Open up/extend the OAI harvester

CLARIAH / clariah-plus

This is the project planning repository for the CLARIAH-PLUS project. It groups all technical documents and discussions pertaining to CLARIAH-PLUS in a central place and should facilitate findability, transparency and project planning, for the project as a whole.

9 stars 6 forks source link

Open up/extend the OAI harvester #56

Open menzowindhouwer opened 2 years ago

menzowindhouwer commented 2 years ago

Open up/extend OAI harvester:

To speak to the CLARIAH endpoint registr(y|ies)
To speak the needed protocols
To deal with the needed formats

ddeboer commented 2 years ago

@menzowindhouwer I heard you mention that you want to connect the harvester to the NDE Register.

I’m not seeing a separate issue for that, so assuming that you referred to this one. Let me know if you and @vicding-mi need any help with building the right SPARQL queries to retrieve dataset descriptions from the NDE Register SPARQL endpoint.

wmelder commented 2 years ago

How does the NDE register handle updates? Does it also do regular updates from the sources it has registered? Would Clariah then also have to run some SPARQL queries regularly to stay up-to-date? Or is there some kind of queue where changes are pushed?

menzowindhouwer commented 2 years ago

@vicding-mi and I are preparing for a pull like approach, i.e. CLARIAH+ regularly reruns the queries at the NDE endpoint ...

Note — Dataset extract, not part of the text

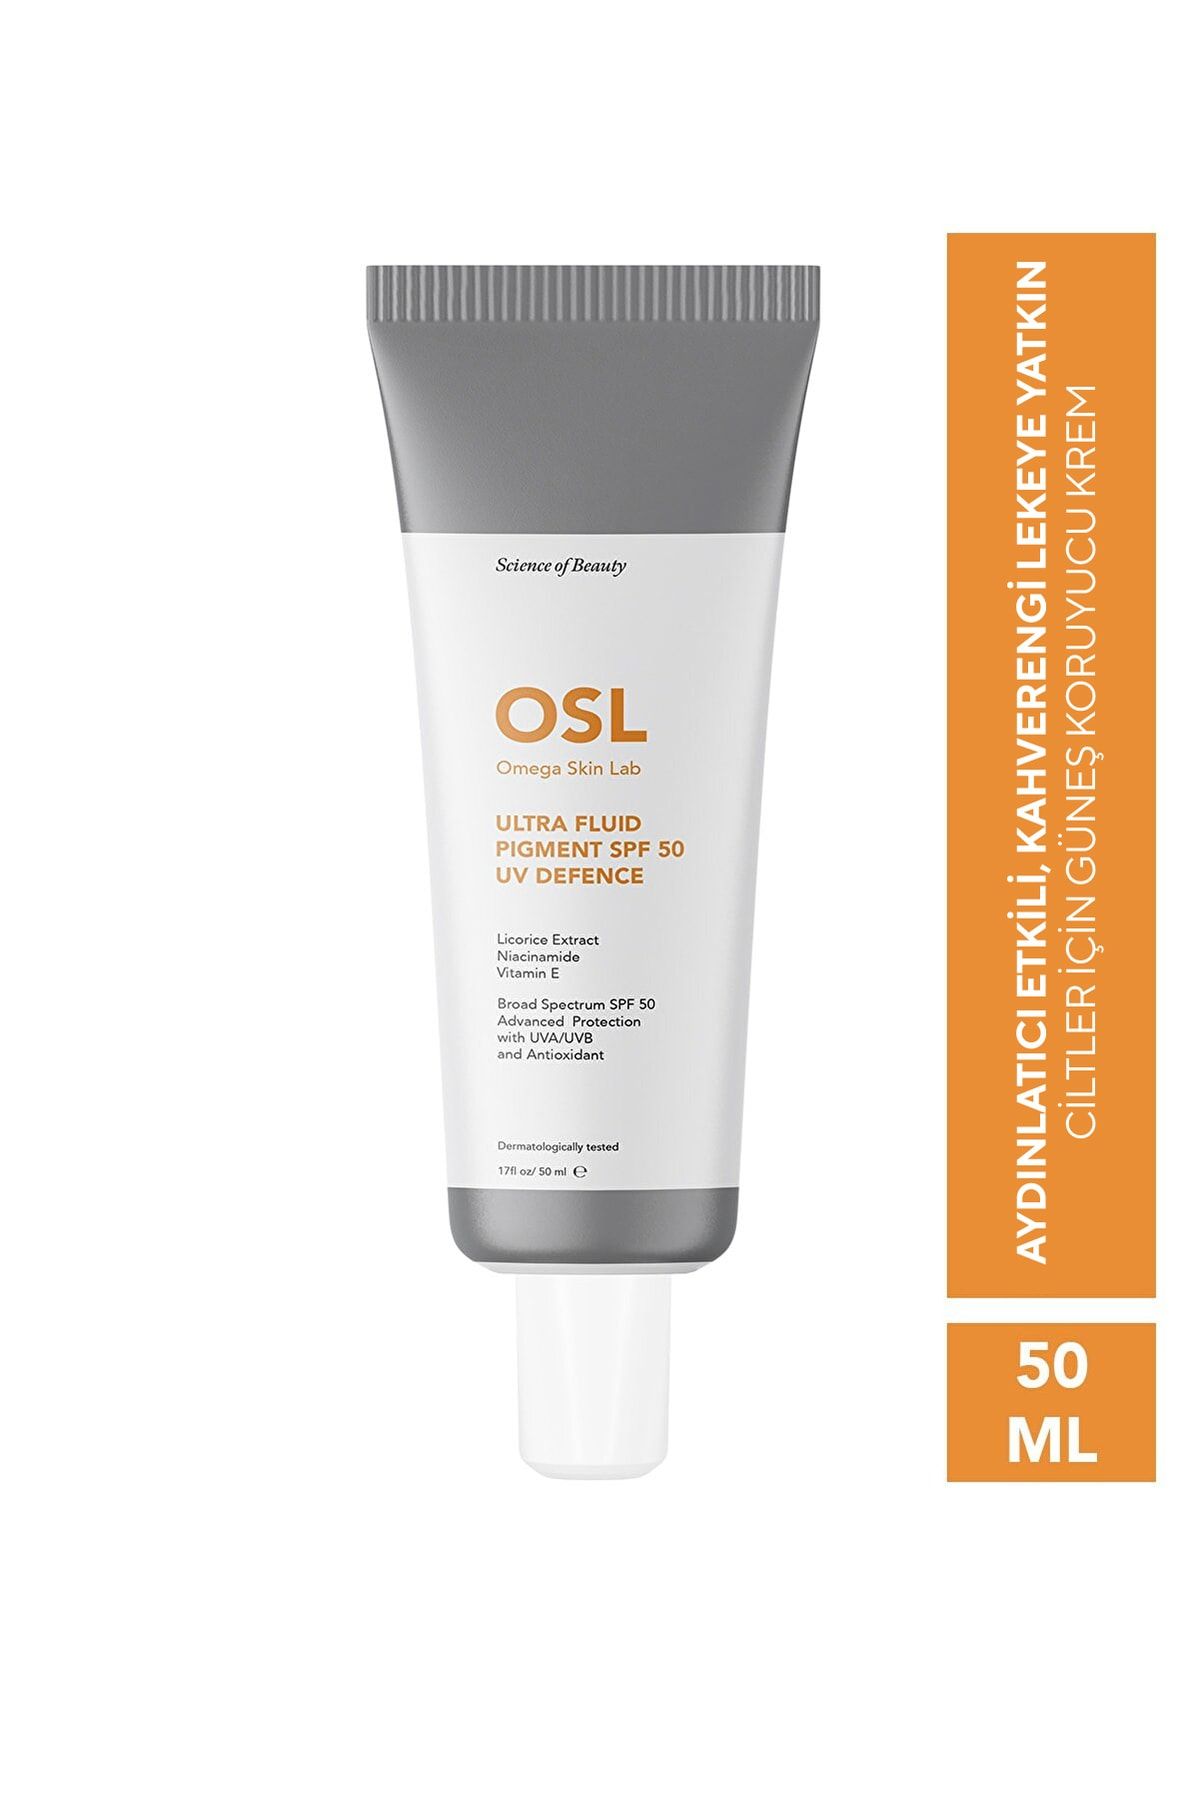 OSL Omega Skin Lab Omega Skin Lab Ultrafluid Pigment Spf50 50ml (LEKELİ CİLTLER İÇİN GÜNEŞ KREMİ)

ddeboer commented 2 years ago

How does the NDE register handle updates? Does it also do regular updates from the sources it has registered?

Yep: the NDE Register periodically crawls registered datasets, so updates to the dataset descriptions will end up (eventually) in CLARIAH+ as well.

wmelder commented 2 years ago

Yep: the NDE Register periodically crawls registered datasets, so updates to the dataset descriptions will end up (eventually) in CLARIAH+ as well.

In that case we probably better add the B&G datasets to the NDE register using the API, so that no additional Clariah harvester/crawler is needed for B&G?

ddeboer commented 2 years ago

@vicding-mi @menzowindhouwer I created #97 for information specific to the NDE Dataset Register.